Information supplied
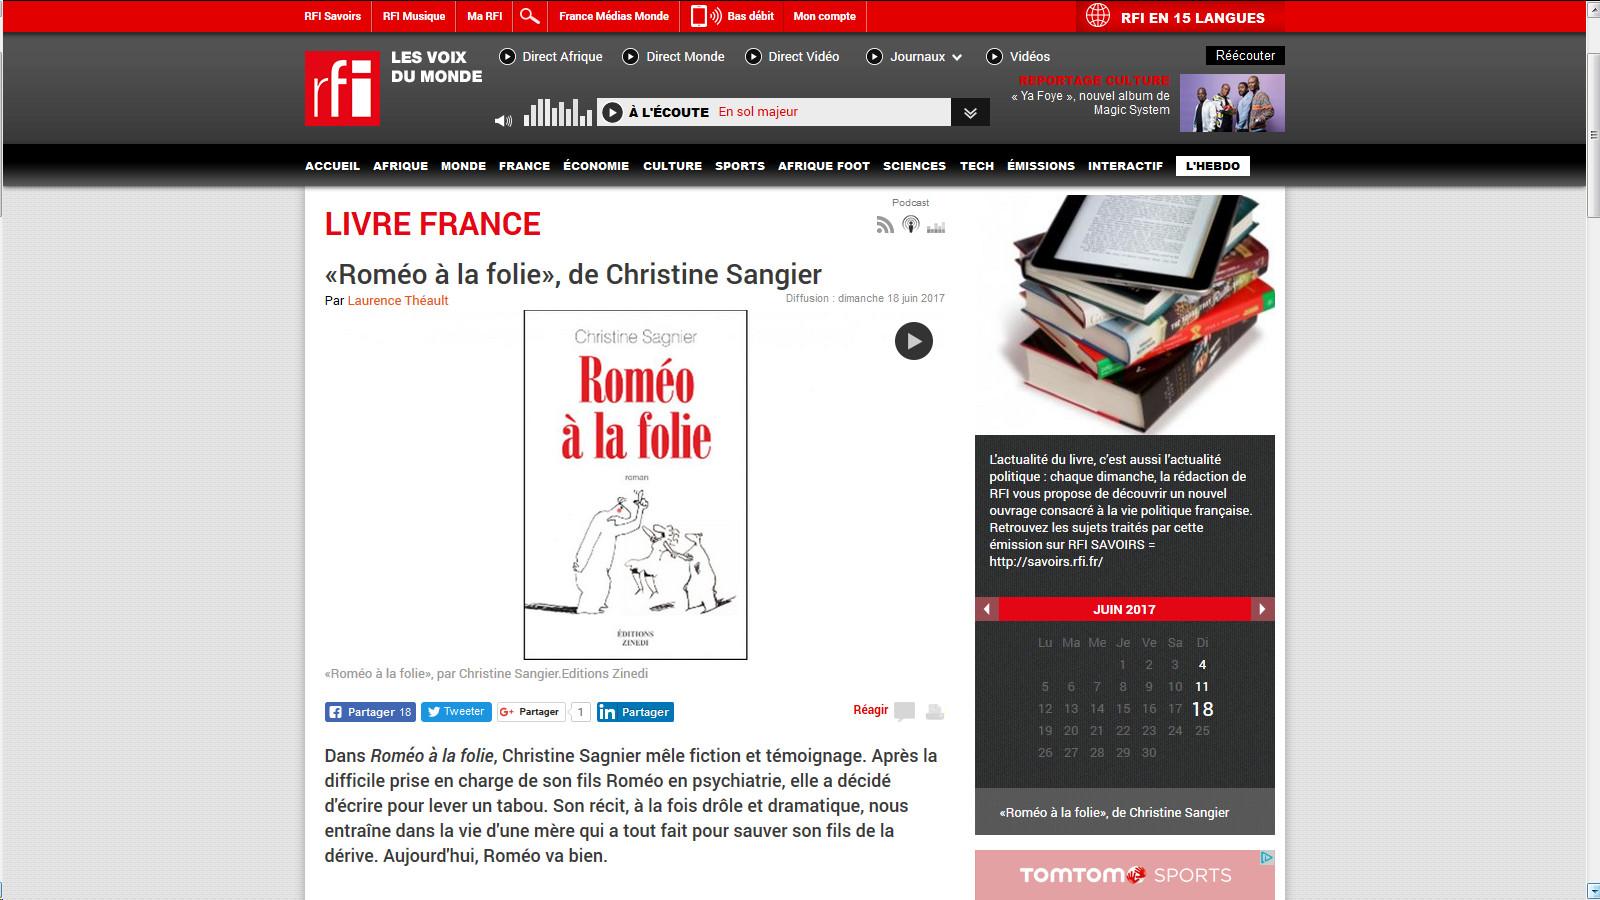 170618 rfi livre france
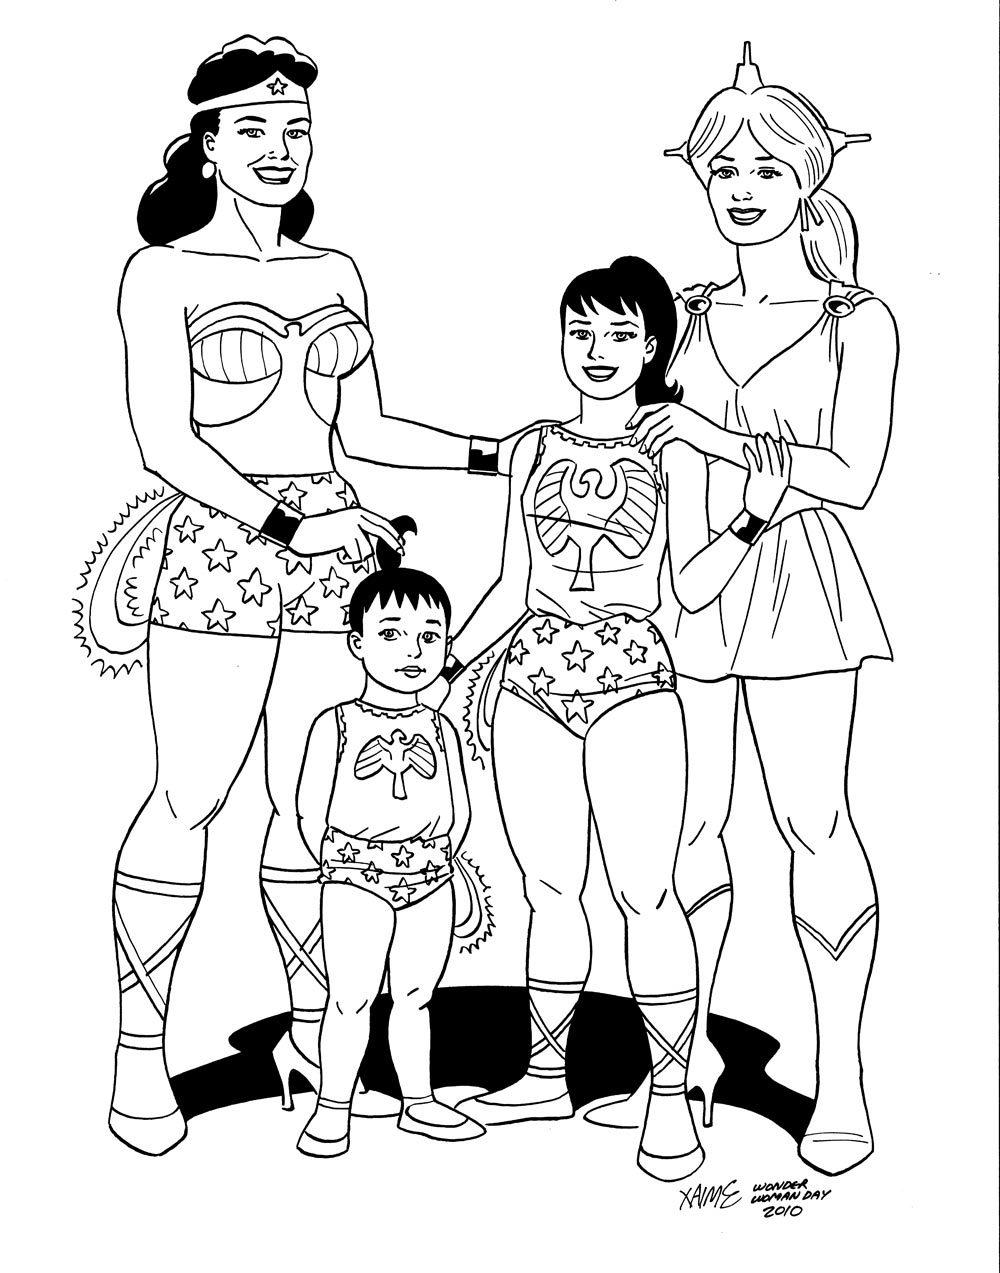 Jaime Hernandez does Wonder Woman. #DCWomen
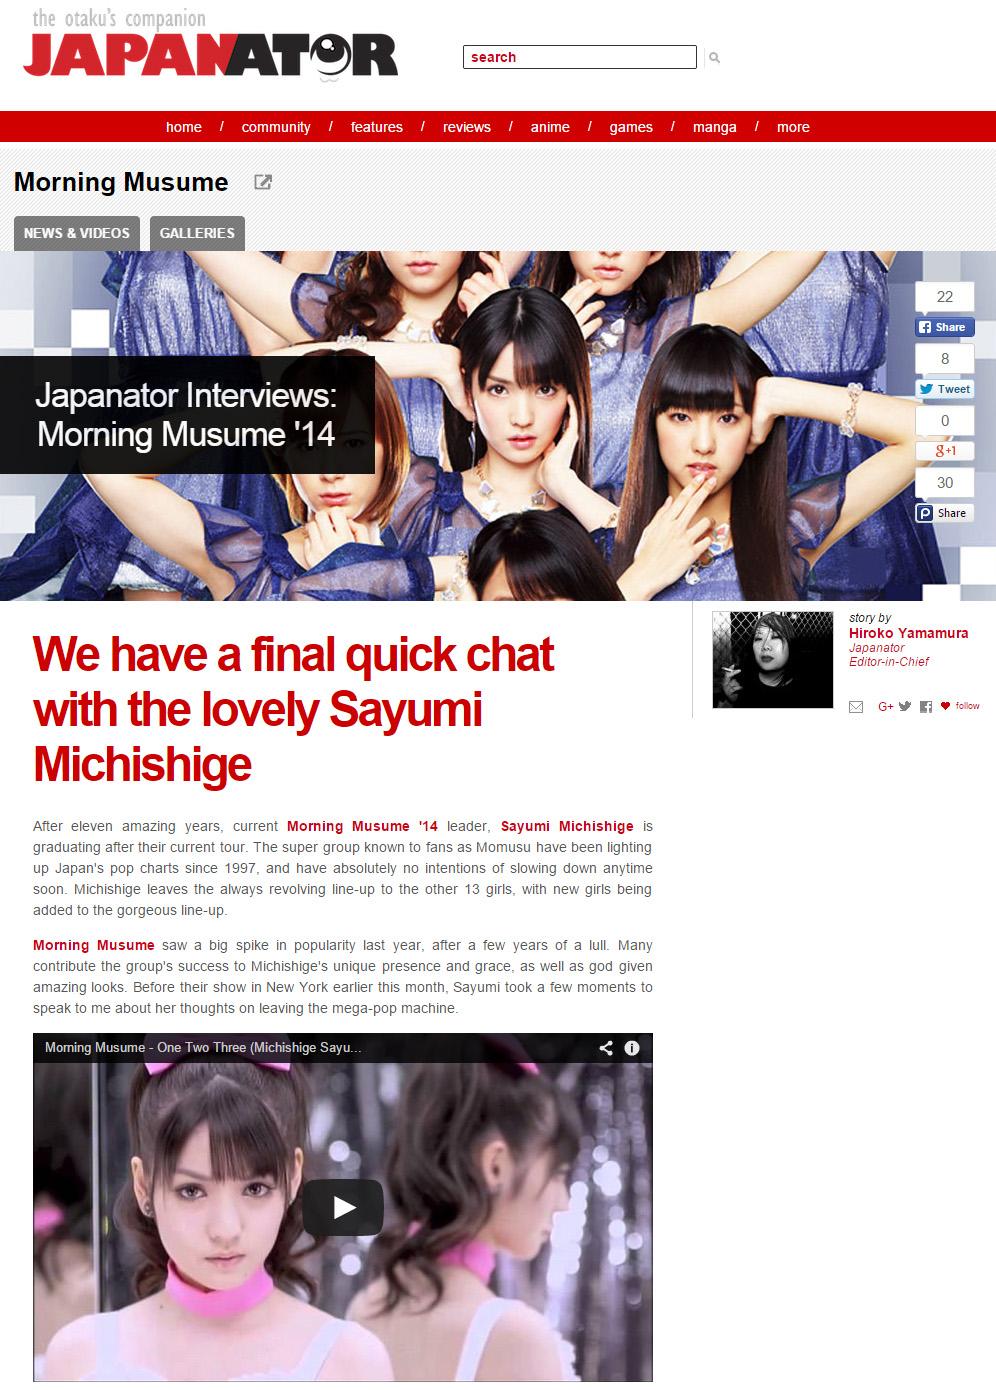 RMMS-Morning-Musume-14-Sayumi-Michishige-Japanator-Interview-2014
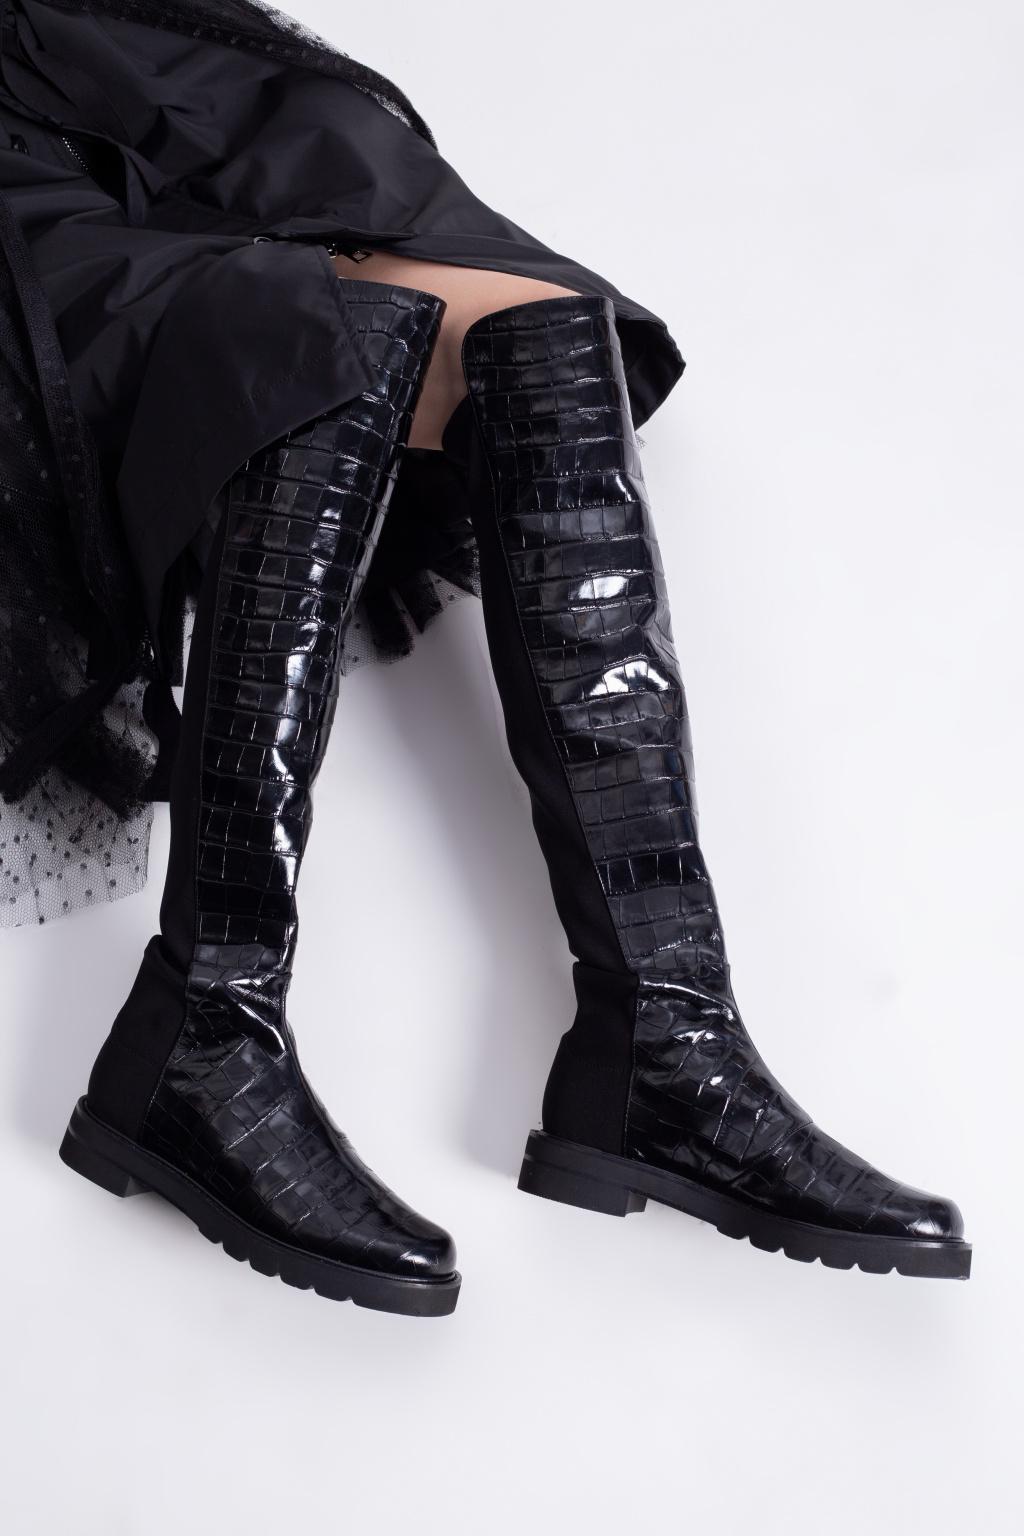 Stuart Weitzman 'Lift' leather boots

Action item
Give back the data exactly. Skip any images.

Output below
 170618 rfi livre france
 Jaime Hernandez does Wonder Woman. #DCWomen
 RMMS-Morning-Musume-14-Sayumi-Michishige-Japanator-Interview-2014
 Stuart Weitzman 'Lift' leather boots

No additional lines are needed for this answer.